The Capuchin Friary, Rapperswil, (Kapuzinerkloster Rapperswil) is a Capuchin friary located in Rapperswil in the Canton of St. Gallen, Switzerland.

==Geography==
The monastery is situated to the west of the city of Rapperswil, below the Lindenhof of Rapperswil Castle on the shore of Lake Zürich on a peninsula called the Endingerhorn.

== History ==
The friary was established in 1606, consisting originally of only four patres (priests) and three brothers (friars), as a Roman Catholic counterpart to the centre of the Reformation in Zürich. The monastic buildings were built by the citizens of Rapperswil, and belong to the locality of Rapperswil, while Endingen - the site of the buildings - belongs to Einsiedeln Abbey.
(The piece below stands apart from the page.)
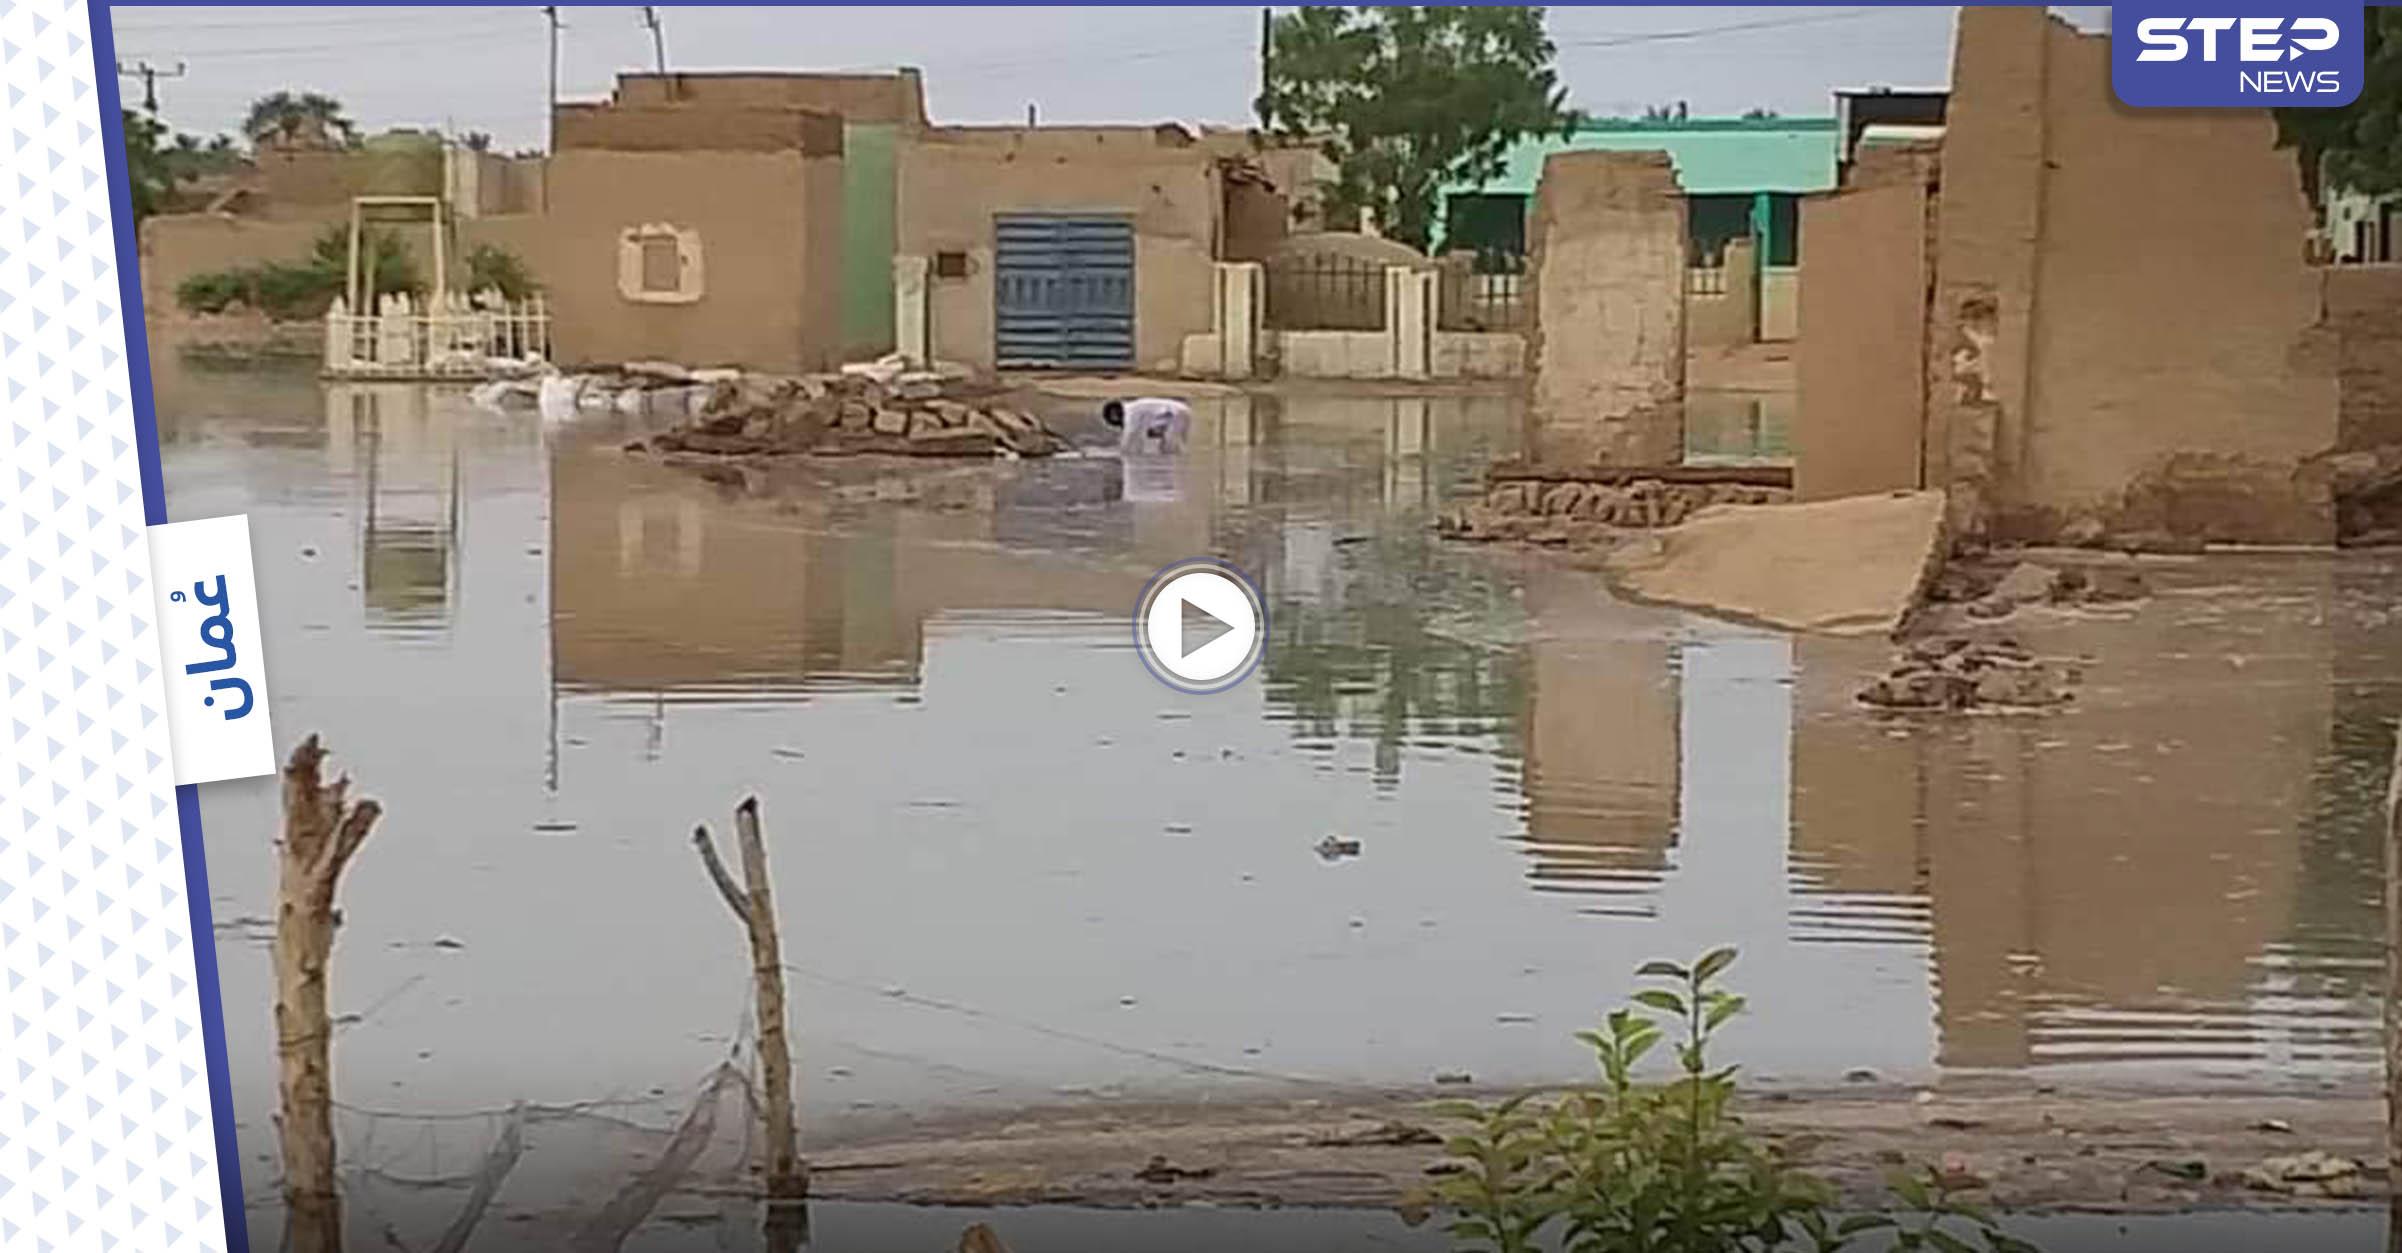 بالفيديو|| صاعقة مرعبة تضرب سلطنة عمان ومشاهد تحبس الأنفاس لإنقاذ مواطنين عالقين وسط السيول بعد وفاة شخص وفقدان آخرين

The friary was dedicated on 23 September 1607 by bishop Johannes V Flugi von Aspermont and is still in use. In 1662 the buildings were fortified: a small fort was built at Endingerhorn, and the monastery became part of the town walls as a fortified tower to the west of the city of Rapperswil.

== Sights ==
The friary is renowned for its location by the lake on a rocky peninsula. It overlooks Lake Zurich in the Kempratner Bucht ("Bay of Kempraten"). The rose gardens and the Antoniusgrotte, dedicated to Saint Anthony of Padua, attract pilgrims. The lakeside location of its church is also popular for weddings. The Einsiedlerhaus is in origin the medieval bailiff's house of Einsiedeln Abbey, whence the name, and is situated at the former late 10th century ferry gate to the islands of Lützelau and Ufenau.

== Activities ==
In November 1992 the monastery opened its doors for guests, both men and women, to participate for at least one week with the monastic community. In addition, the Swiss chapter of the order allowed the community to seek new forms of prayer and liturgy. As of 2010, nine brothers and two nuns (Orders of Baldegg and Menzingen) are living in the monastery.

== Cultural heritage ==
The building is listed in the Swiss inventory of cultural property of national and regional significance as a Class B object of regional importance.